The second pass is configured for structured output via guided decoding, and is asked to just put the field values from the analyzer's response into JSON fitting a specified schema.
I have processed several hundred receipts this way with very high accuracy; 99.7% of extracted fields are correct. Unfortunately it still needs human review because I can't seem to get a VLM to see the errors in the very few examples that have errors. But this setup does save a lot of time.
However I would say two things: 1. I doubt this quality drop couldn’t be mitigated by first letting the model answer in its regular language and then doing a second constrained step to convert that into structured outputs. 2. For the smaller models I have seen instances where the constrained sampling of structured outputs actually HELPS with output quality. If you can sufficiently encode information in the structure of the output it can help the model. It can effectively let you encode simple branching mechanisms to execute at sample time
You surely aren't implying that the model is sentient or has any "desire" to give an answer, right?
And how is that different from prompting in general? Isn't using english already a constraint? And isn't that what it is designed for, to work with prompts that provide limits in which to determine the output text? Like there is no "real" answer that you supress by changing your prompt.
So I don't think its a plausible explanation to say this happens because we are "making" the model return its answerr in a "constrained language" at all.
The model is a probabilistic machine that was trained to generate completions and then fine tuned to generate chat style interactions. There is an output, given the prompt and weights, that is most likely under the model. That’s what one could call the model’s “desired” answer if you want to anthropomorphize. When you constrain which tokens can be sampled at a given timestep you by definition diverge from that
Also, meta gripe: this article felt like a total bait-and-switch in that it only became clear that it was promoting a product right at the end.
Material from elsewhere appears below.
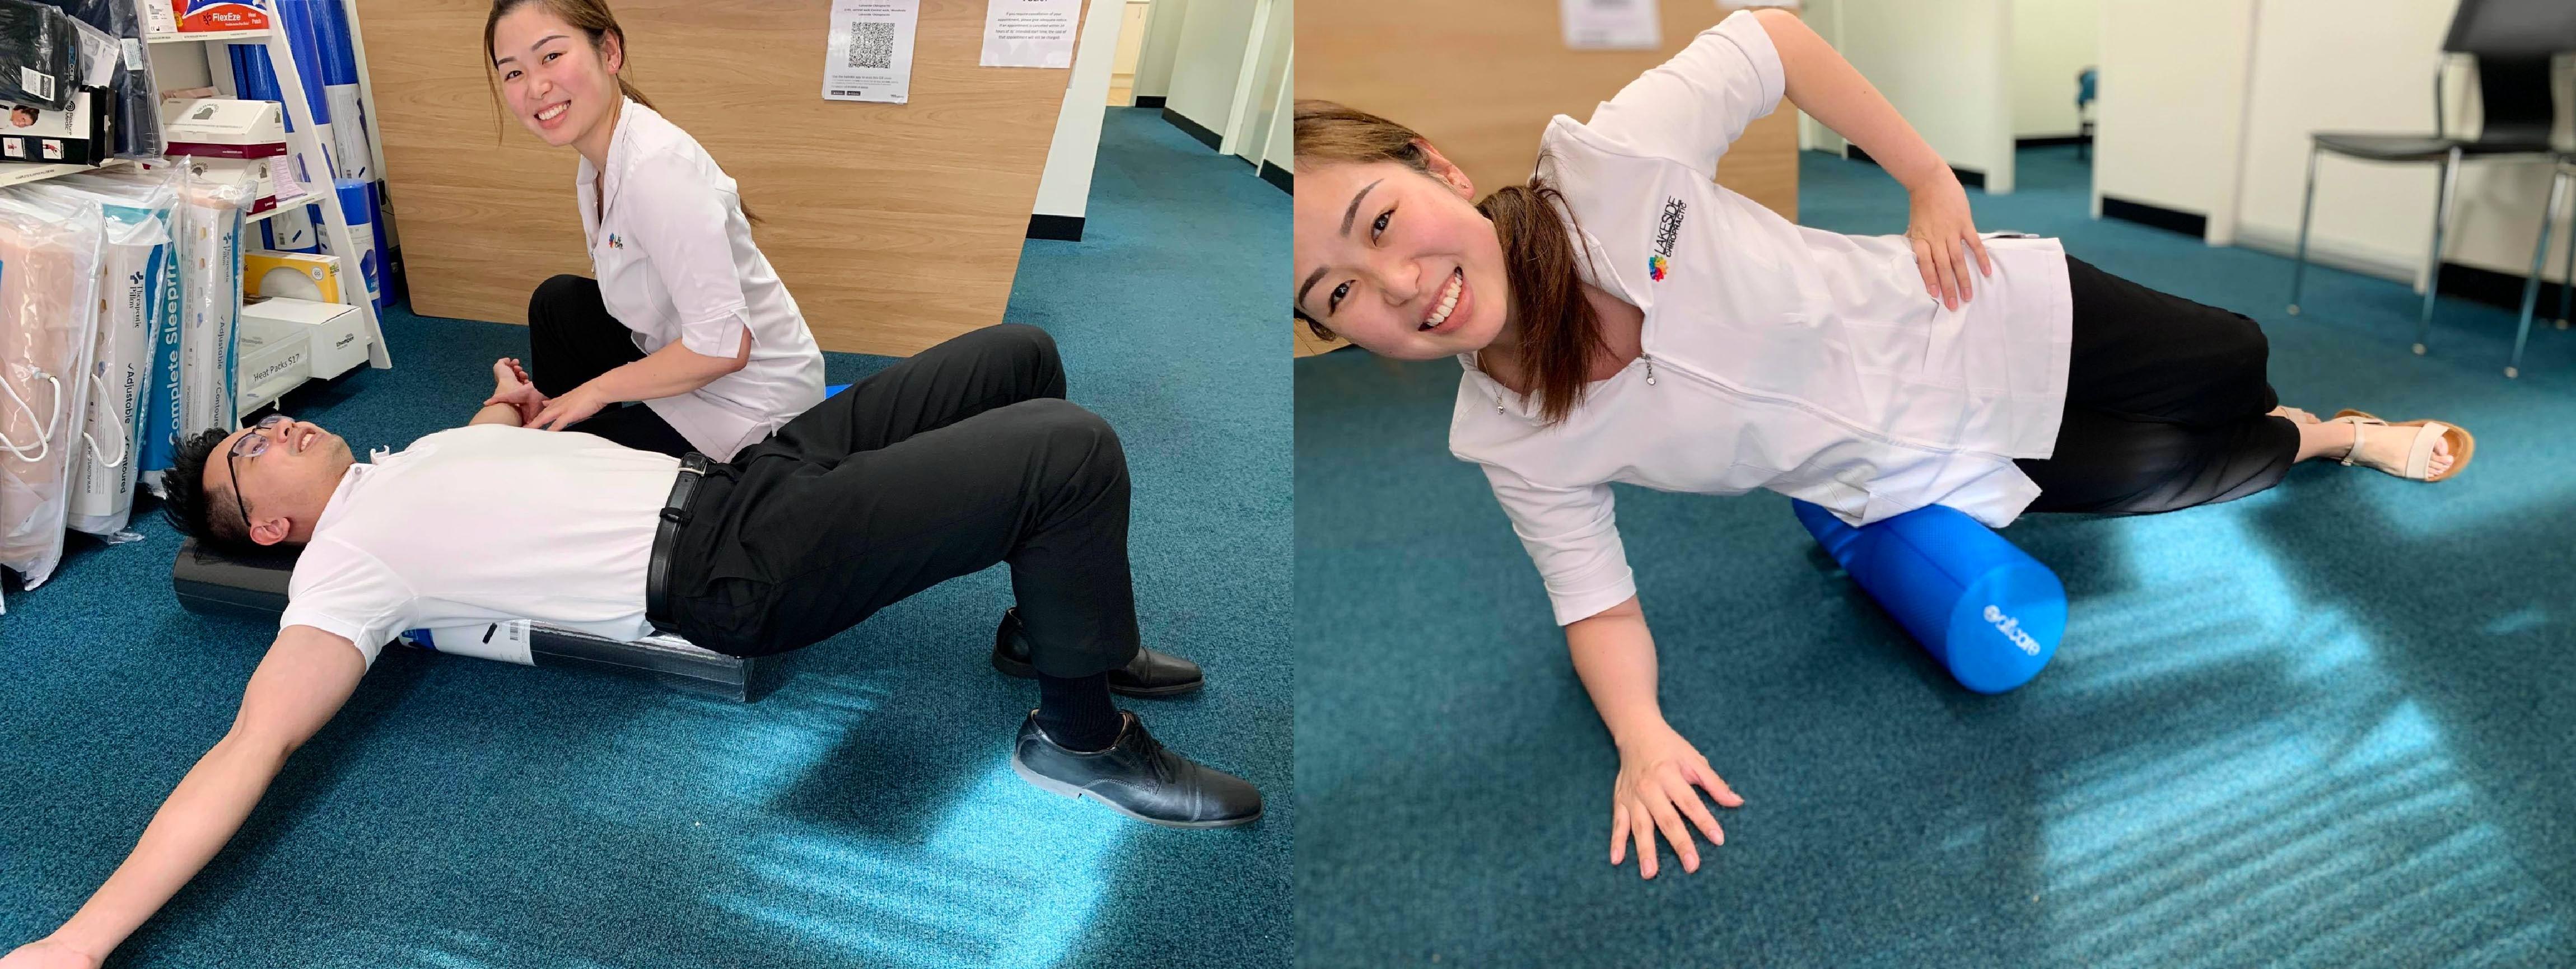 foam rolling on floor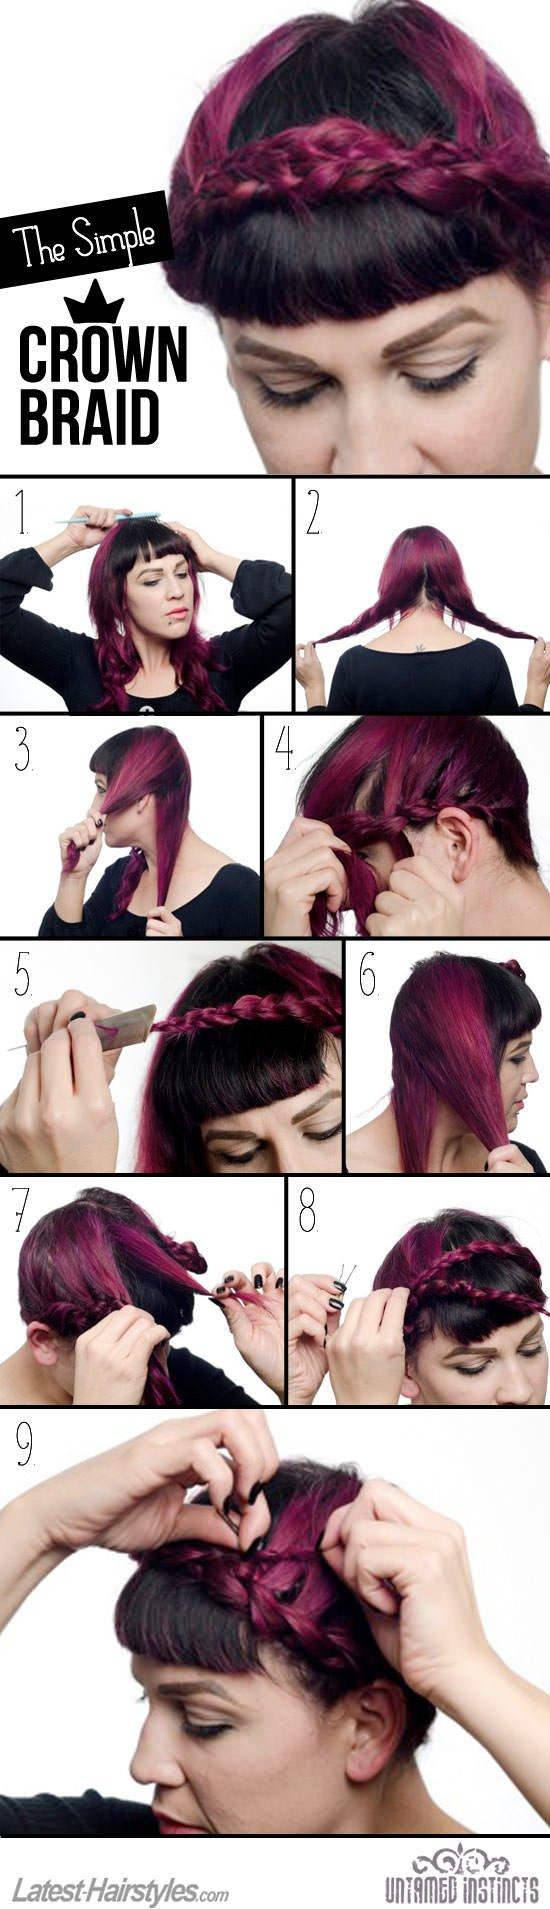 Crown braid hair tutorial

Even Amazon’s cheapest and fastest model does that well - Nova Lite.
But even without using his framework, he did give me an obvious in hindsight method of handling image understanding.
I should have used a more advanced model to describe the image as free text and then used a cheap model to convert text to JSON.
I also had the problem that my process hallucinated that it understood the “image” contained in a Mac .DS_Store file
And about structured outputs messing with chain-of-thought... Is CoT really used with normal models nowadays? I think that if you need CoT you might as well use a reasoning model, and that solves the problem.